The competition originated in the post-war cultural exchange climate when organizations such as the European Broadcasting Union, the British Broadcasting Corporation, and national broadcasters sought to promote cross-border collaboration among artists. Early editions featured competitors from countries represented by the BBC World Service, the Norddeutscher Rundfunk, and the Radiotelevisione italiana, reflecting ties to institutions like the UNESCO and events such as the Edinburgh International Festival. Over decades the event intersected with festivals and venues including the Wiener Sängerknaben's circuits, the Aarhus Festival, and broadcasts linked with the Festival dei Due Mondi. Influential conductors and composers associated with public ensembles—figures connected to the Royal Albert Hall, the Berlin Philharmonic's choral affiliates, and university choirs from Oxford and Cambridge—have taken part via their associated institutions.
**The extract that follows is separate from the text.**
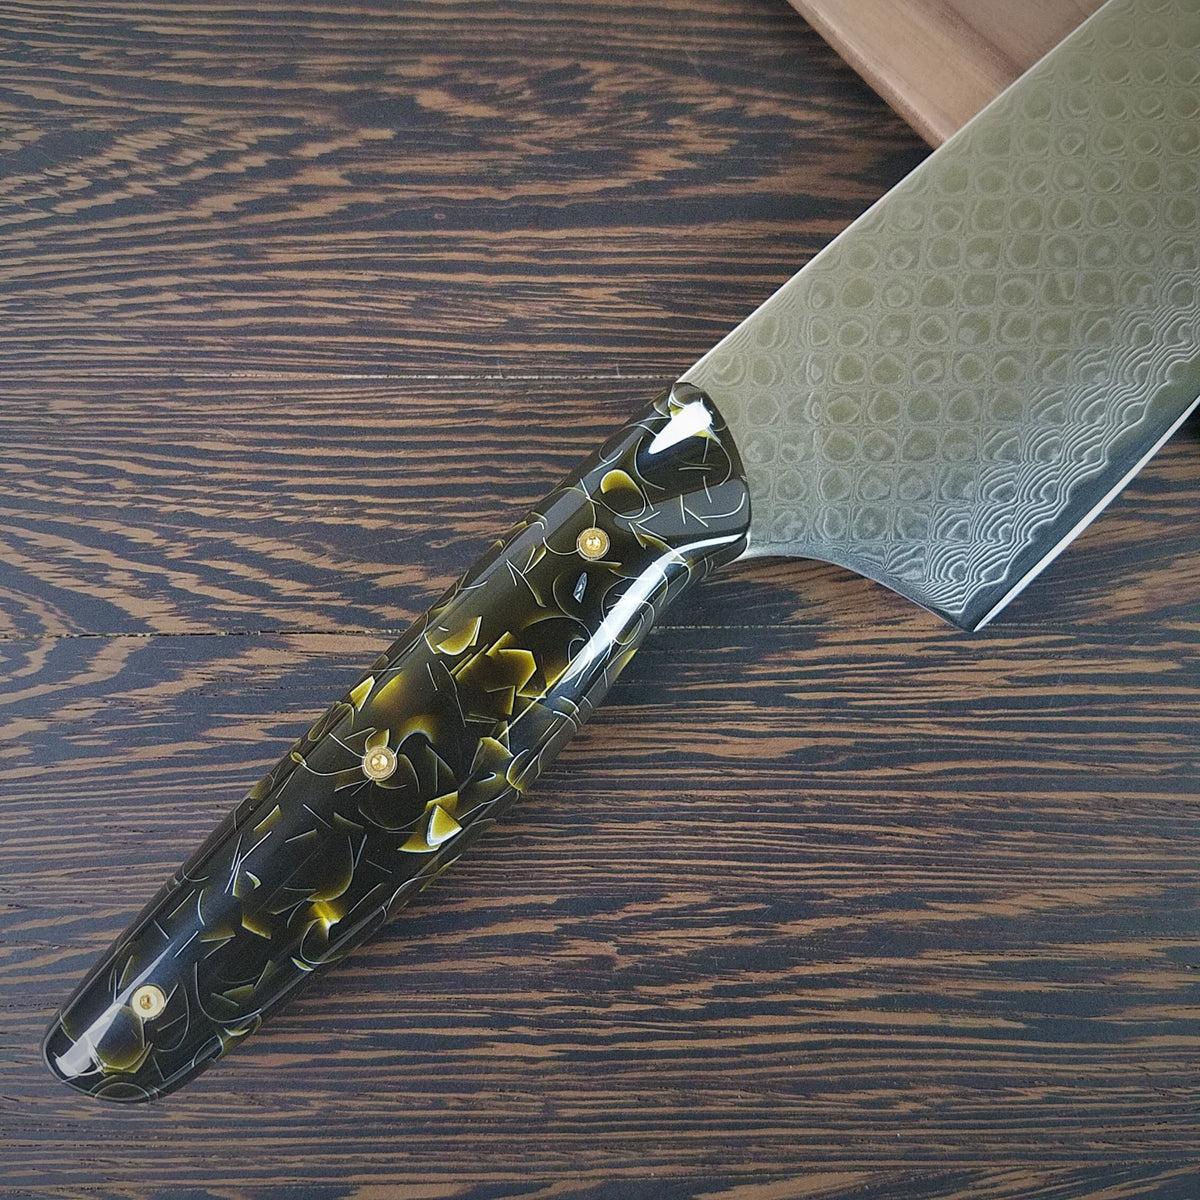 ShoxVox - 10in (254mm) Damascus Gyuto - Dragonscale - Smooth Handle
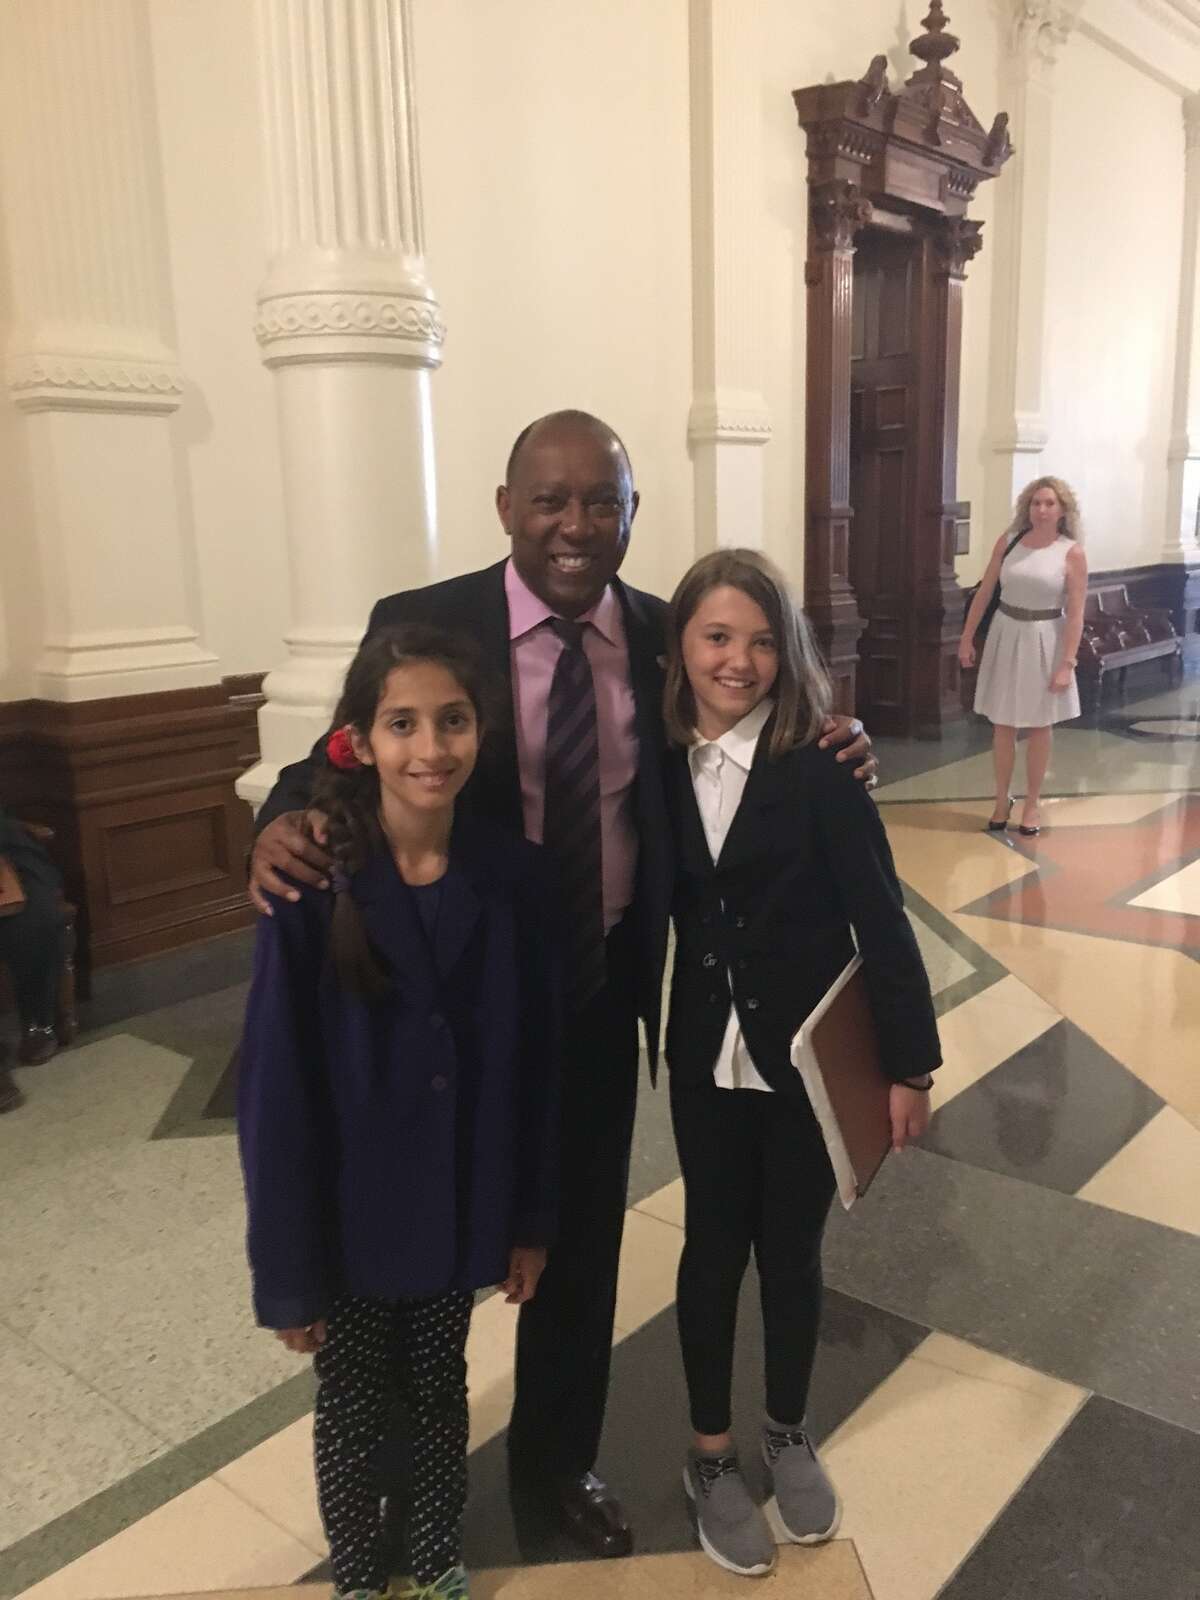 Houston mayor Sylvester Turner crosses paths with Bag Free Bayous' founders Lila Mankad (left) and Caoilin Krathaus (right) at the Texas state capitol.

During the Cold War, participation also included choirs from the Soviet Union, the German Democratic Republic, and the Polish People's Republic, enabling cultural diplomacy alongside exchanges seen at the Helsinki Accords era. Organizational stewardship evolved with involvement from concert promoters, media producers, and pan-European cultural networks such as the European Cultural Foundation.
National broadcasters and choral federations—like the BBC, DR, RTÉ, SRF, and ORF—typically run selection rounds, forwarding winners to international semi-finals and finals coordinated by the European Broadcasting Union or equivalent committees. Formats have varied: some editions use regional heats, adjudicated by panels including representatives from the Royal College of Music, the Juilliard School, and conservatoires such as the Conservatoire de Paris and the Hochschule für Musik Hanns Eisler Berlin. Jury panels have included conductors linked to the Royal Opera House, composers associated with the Gaudeamus network, and musicologists from institutions like King's College London and the Universität Mozarteum Salzburg. Performance categories encompass mixed choirs, male choirs, female choirs, and youth choirs, with repertoire requirements that reference composers from the Renaissance through contemporary creators tied to the European Contemporary Composers' Alliance. Awards have sometimes been named in honor of choral patrons similar to prizes associated with the Queen Elisabeth Competition and have led to recordings released on labels akin to Deutsche Grammophon and EMI Classics.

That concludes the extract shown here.